MMP-9 Knockdown Inhibits Oral Squamous Cell Carcinoma Lymph Node Metastasis in the Nude Mouse Tongue-Xenografted Model through the RhoC/Src Pathway.

Oral squamous cell carcinoma (OSCC) is one of the most common types of cancers in developing countries. A major contributor to the high mortality rate of OSCC is the tendency of oral cancer cells to metastasize to lymph nodes around the head and neck during the early stages of cancer development. Matrix metalloproteinase 9 (MMP-9), an endopeptidase, can degrade the extracellular matrix and basement membrane and plays a key role in tumor invasion and metastasis. In vitro, cell migration ability was conducted by scratching assays. We also investigated the interaction abilities between OSCC cells and vascular endothelial cells (ECs) by an adhesion assay and transendothelial migration assay. And we established a BALB/c nude mouse tongue-xenografted metastasis model to investigate the role of MMP-9 and explore its potential underlying mechanism in OSCC growth, lymph node metastasis, and angiogenesis in vivo.

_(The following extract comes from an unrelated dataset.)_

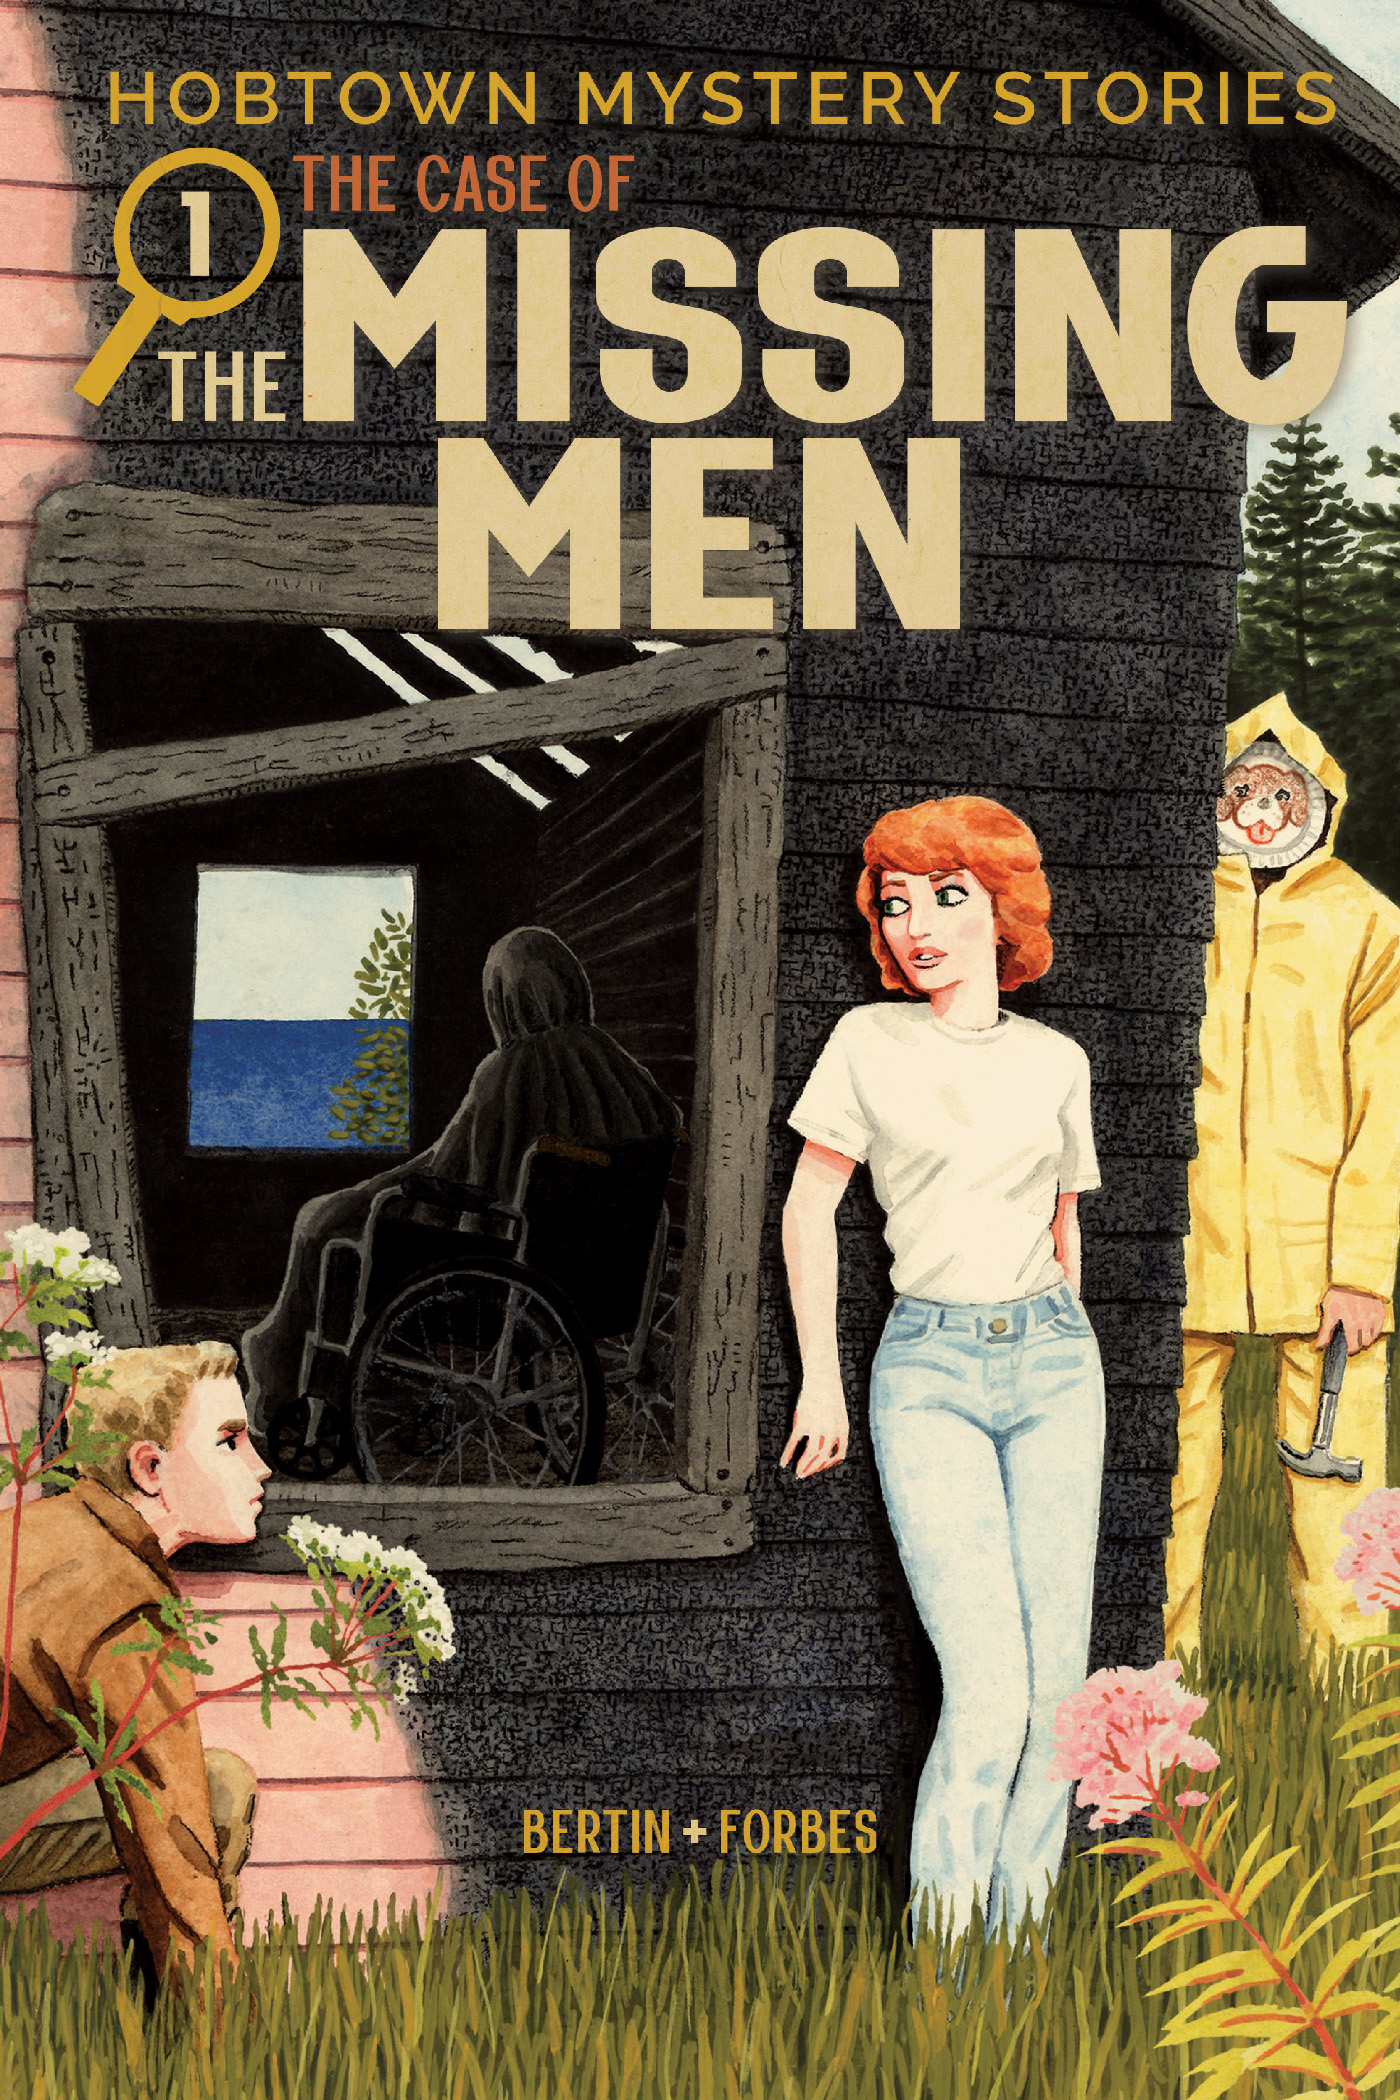 Hobtown Mystery Stories Graphic Novel Volume 1 The Case of the Missing Men
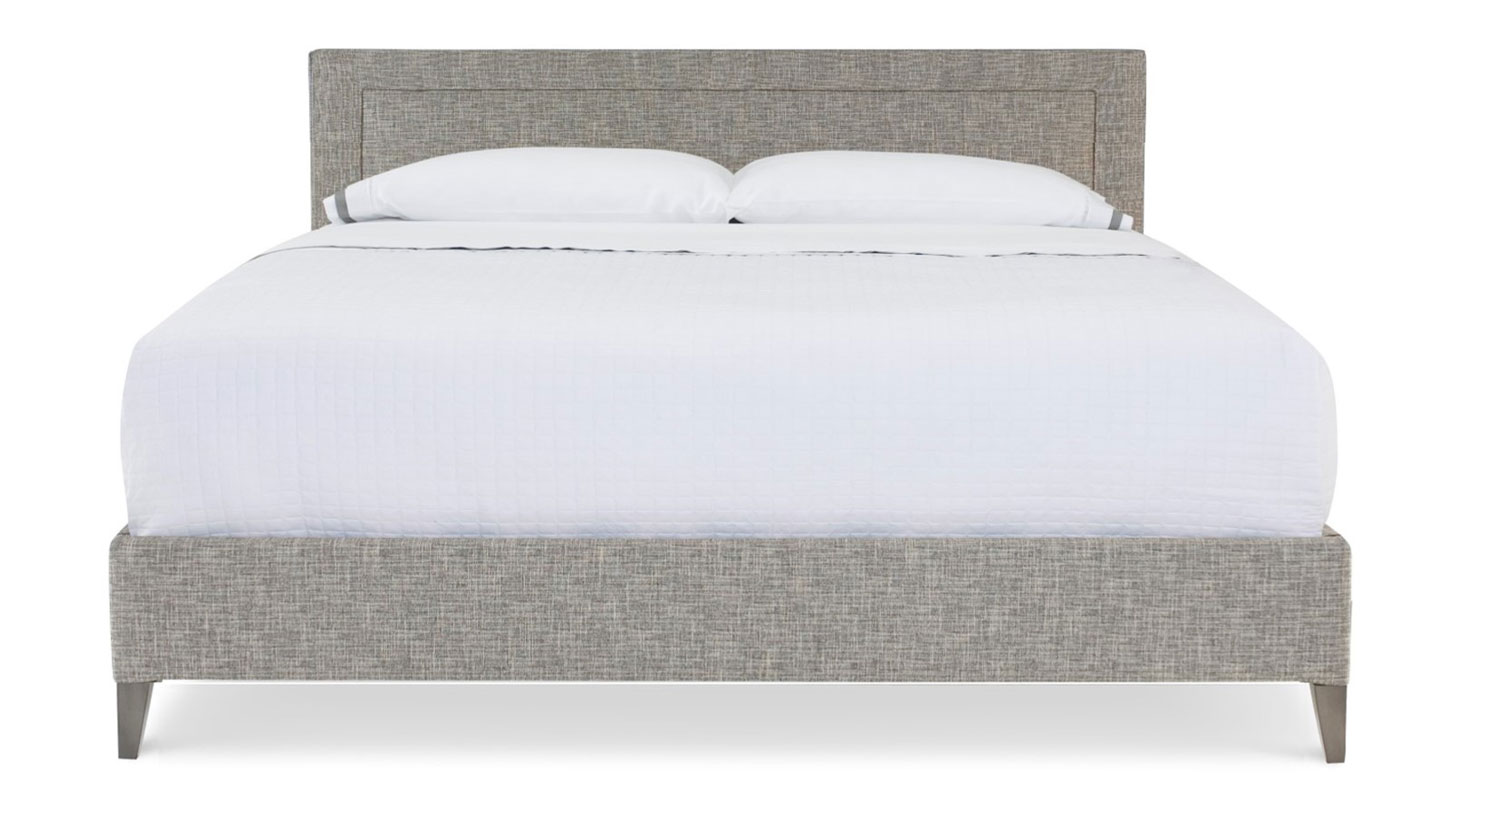 Wesley Hall 198 Phanes Bed with 46 inch headboard

The results showed that knockdown of MMP-9 could significantly suppress OSCC cell migration, proliferation, interactions between endothelial cells, xenografted tumor growth, and angiogenesis and simultaneously markedly inhibited OSCC cell metastasis to mouse lymphonodi cervicales superficiales, axillary lymph nodes, and even distant inguinal lymph nodes. Mechanistic studies revealed that knockdown of MMP-9 also led to a decreased expression of RhoC, Src, and F-actin by RT-PCR, western blotting, and immunohistochemistry. And the bioinformatic analysis showed that MMP-9, RhoC, and Src mRNA expression was positively and linearly correlated in OSCC on TCGA database. Together, our findings indicated that MMP-9 plays a very important role in OSCC growth, migration, angiogenesis, and lymph node metastasis, and its potential mechanism may be mediated by RhoC and Src gene expression.